There are a few key properties you'll be working with on HKClinicalRecord. The clinical type, we looked at this earlier and this allows you to determine the type of a given record. I want to know that a health record is for example an immunization. We provide a display name which is a string that we use when showing that health record to users in Health. It's selected from the FHIR resource and it's your opportunity to tie back your app's experience to something users are familiar with.

You can see in this lab result that there are a number of alternative representations and names, including a coding in the LOINC coding system. This is an industry standard reference for medical information and it is required by FHIR for observations. You can see here that we've taken that LOINC coding and performed a lookup to provide a canonical name which we will surface to you as the display name.

And finally, we provide access to the full FHIR resource, but there's a lot you can benefit from looking at the HKClinicalRecord so I'm going to set this aside right now and we can come back to it later.

Like all of Health data, provenance, or the source of that data, is very important. You want to know where this health record comes from. And as with the rest of HealthKit we model this using HKSource which is available on the HKSample superclass.

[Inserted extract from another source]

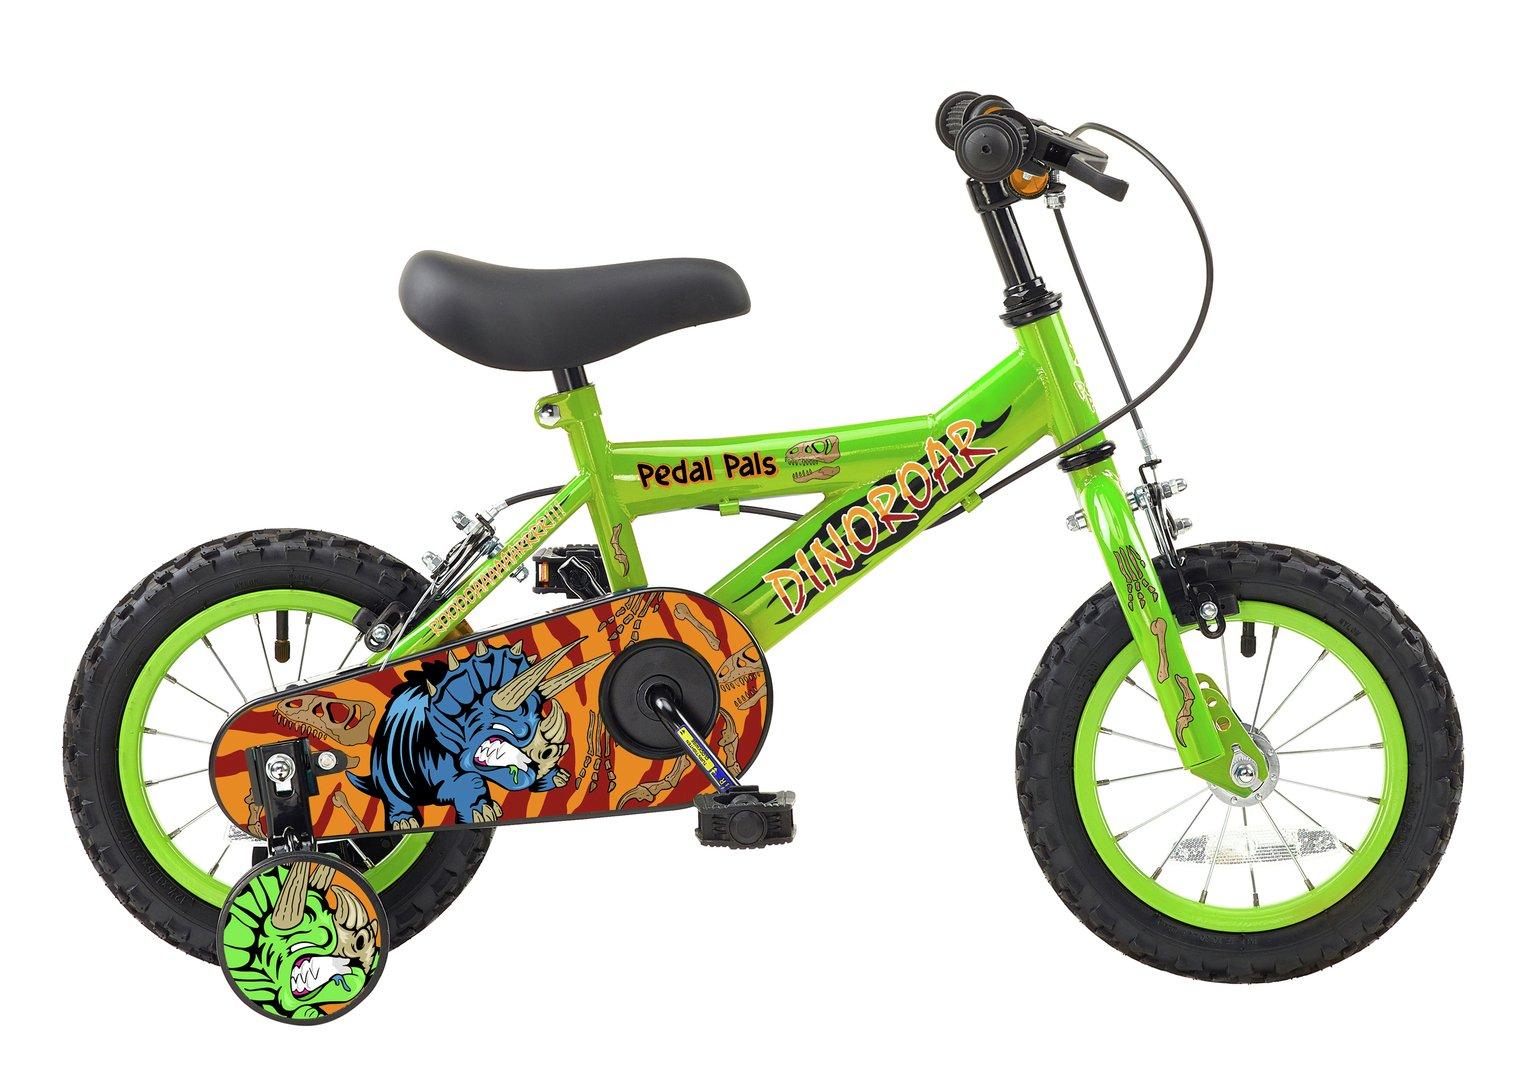 Pedal Pals 12 Inch Wheel Size Dinoroar Kids Bike

We set the name to be the name of the healthcare institution that they have shared with us and we provide a bundle identifier which is a stable identifier for that healthcare institution across multiple user logins and devices.

So now we've seen the new sample types. Let's see how you authorize your application and query for data.

As you can see, there's a huge wealth of information in medical records and we really believe that that is a fantastic opportunity for you to provide your users with truly empowering experiences around their health data. But of course health records also contain incredibly sensitive information. A user's health records might contain details of medications that they are taking or conditions that they are living with on a daily basis.

This is information they may not be comfortable sharing with a close friend or family member. And it can change over time as a user interacts with their healthcare institution, they might receive a new diagnosis of a condition.

So to help our users better understand and manage access to that data we're introducing a new authorization flow specific to Health Records. When your app requests authorization we will present a new permission sheet specific to clinical types.

First, we inform users what it means to share that data with your app and just how sensitive it is. Since we will present this new authorization flow, whenever you request authorization you should ensure that you time your authorization requests to make sure your user has sufficient context with which to understand this new dialogue.

After this we allow users to select the types of data that they choose to share with your app from the categories that you have requested. We also present a new purpose string and your app's privacy policy in the app explanation section. This is really your opportunity to explain to users why you need access to that data, what you're going to do with it, and how you will protect that data. You should be sure to make sure that what you request is proportional to what you need. Users are really going to be surprised and concerned if they see types here that don't pertain to the primary function of your app. And finally because data can change over time as a user interacts with their healthcare institution, we're introducing a new way to control how new data is shared with your app. We default to asking before sharing new data each and every time.

This means we may need to present the new permission sheet whenever new data is available. So when you need to query for data you should always request authorization prior to doing so.

Okay, so how do I get started and request authorization? This flow is going to look very familiar to those of you who've worked with HealthKit before. First, I need to configure the project. After that request authorization. And finally query for data. To configure your project you need to add a new health records capability in Xcode after enabling HealthKit.

Then you add the new Health Records Usage Description purpose string to your Info.plist.

Again, this is your opportunity to explain to users why you need access to this data and what you will do with it.

Having done this, you can request authorization. Here I define the types I wish to access, conditions, immunizations, and medications.

And then you can call request authorization on the Health Store. Being sure to handle any errors and after that you're good to query. You should be aware that in order to maintain user privacy we don't reveal to you which categories a user has granted access or denied access to.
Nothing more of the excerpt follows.